This is a problem from standupmaths, from Youtube.
Question:
Think of a number which is a triangle number and a square number.
This can be expressed using a single equation:
$$x^2=\frac{y(y+1)}{2}$$
If you use trial and improvement, you have the square numbers:
$[1,4,9,16,25,36,49,64,81,100,121,144,169,196,225,256,289...]$
And triangle numbers:
$[1, 3, 6, 10, 15, 21, 28, 36, 45, 55, 66, 78, 91, 105, 120, 136, 153, 171, 190, 210...]$
The only numbers that appears in both of these lists are $$36, 6^2 = 36, \frac{8*9}{2} = 36, 1, 1^2=1, \frac{1*2}{2}=1$$
Are there any beyond this?
Well, $2x^2=y^2+y$. How do I go on from this?

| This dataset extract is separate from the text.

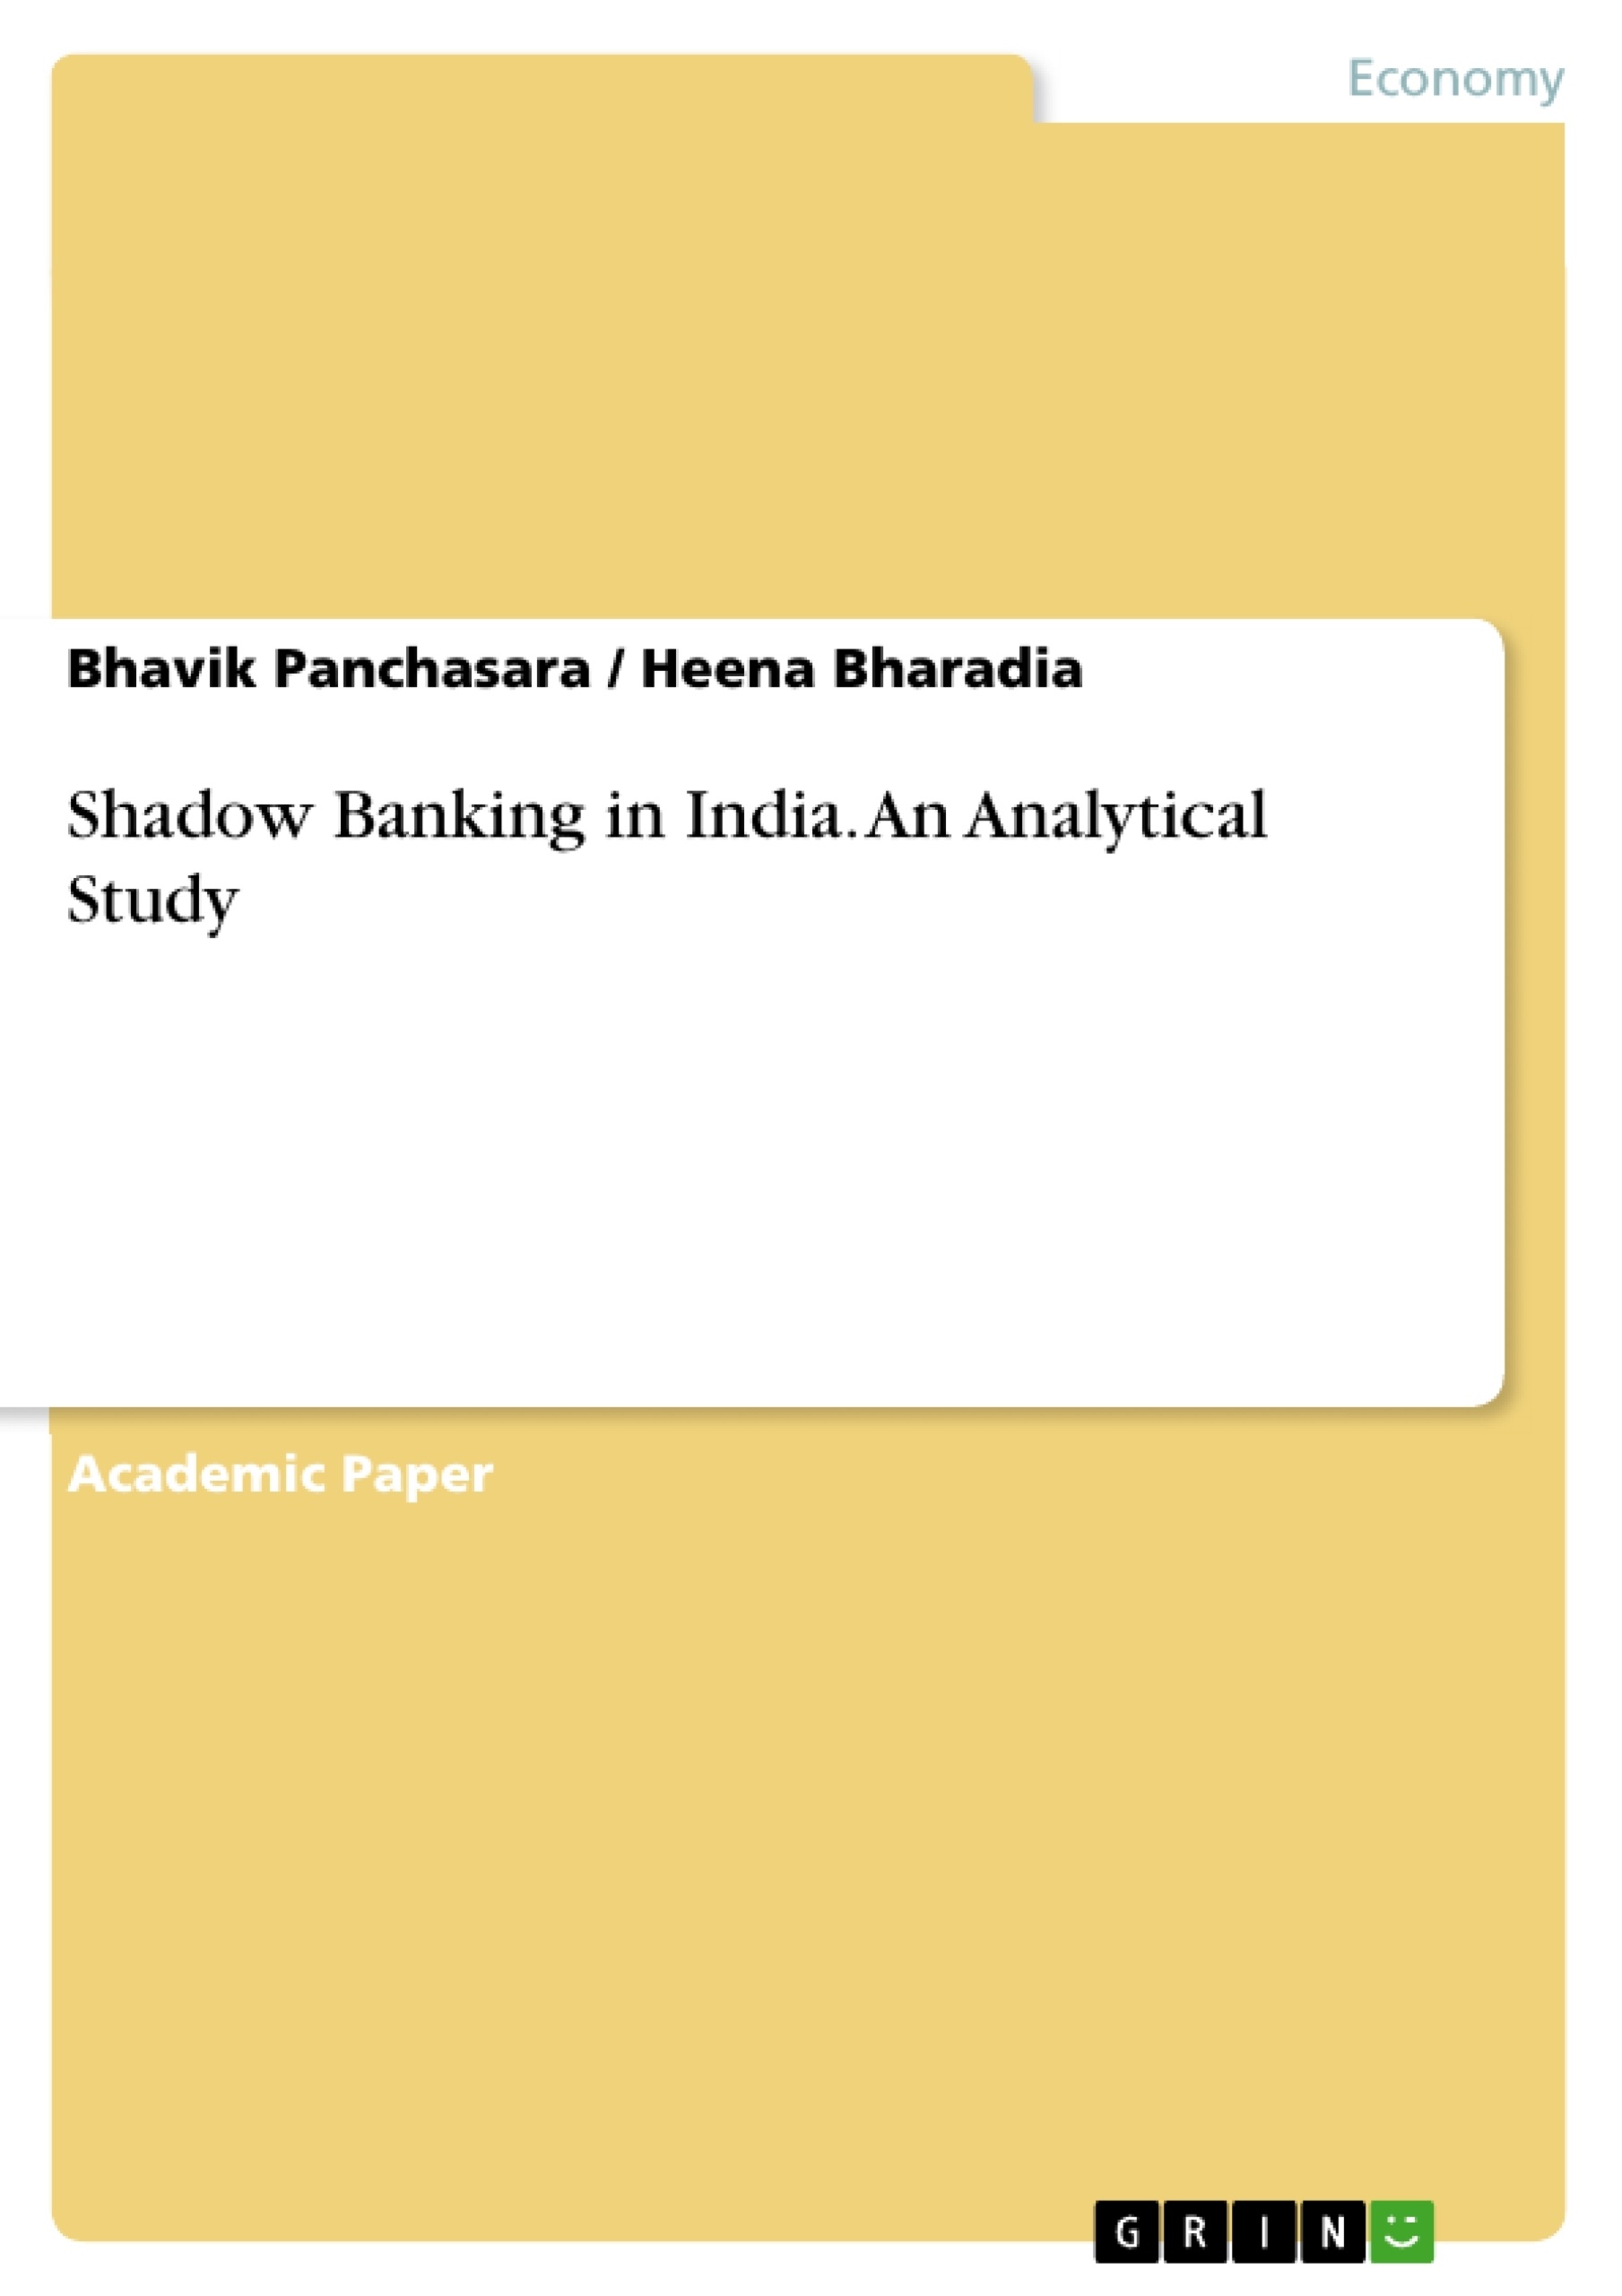 Title: Shadow Banking in India. An Analytical Study

What do I have to use?
What are the numbers where the number you substitute in are equal, and their results are equal?
Lets say:
What if $x=y$?
$$x^2=\frac{x(x+1)}{2}$$
$2x^2=x(x+1)$
$2x^2=x^2+x$
$x^2-x=0$
$x(x-1)=0$
$x$ or $(x-1)$ has to be $0$.
Therefore, $x = 0.5\pm 0.5$
Second question:
But is $0$ technically a square or triangle number?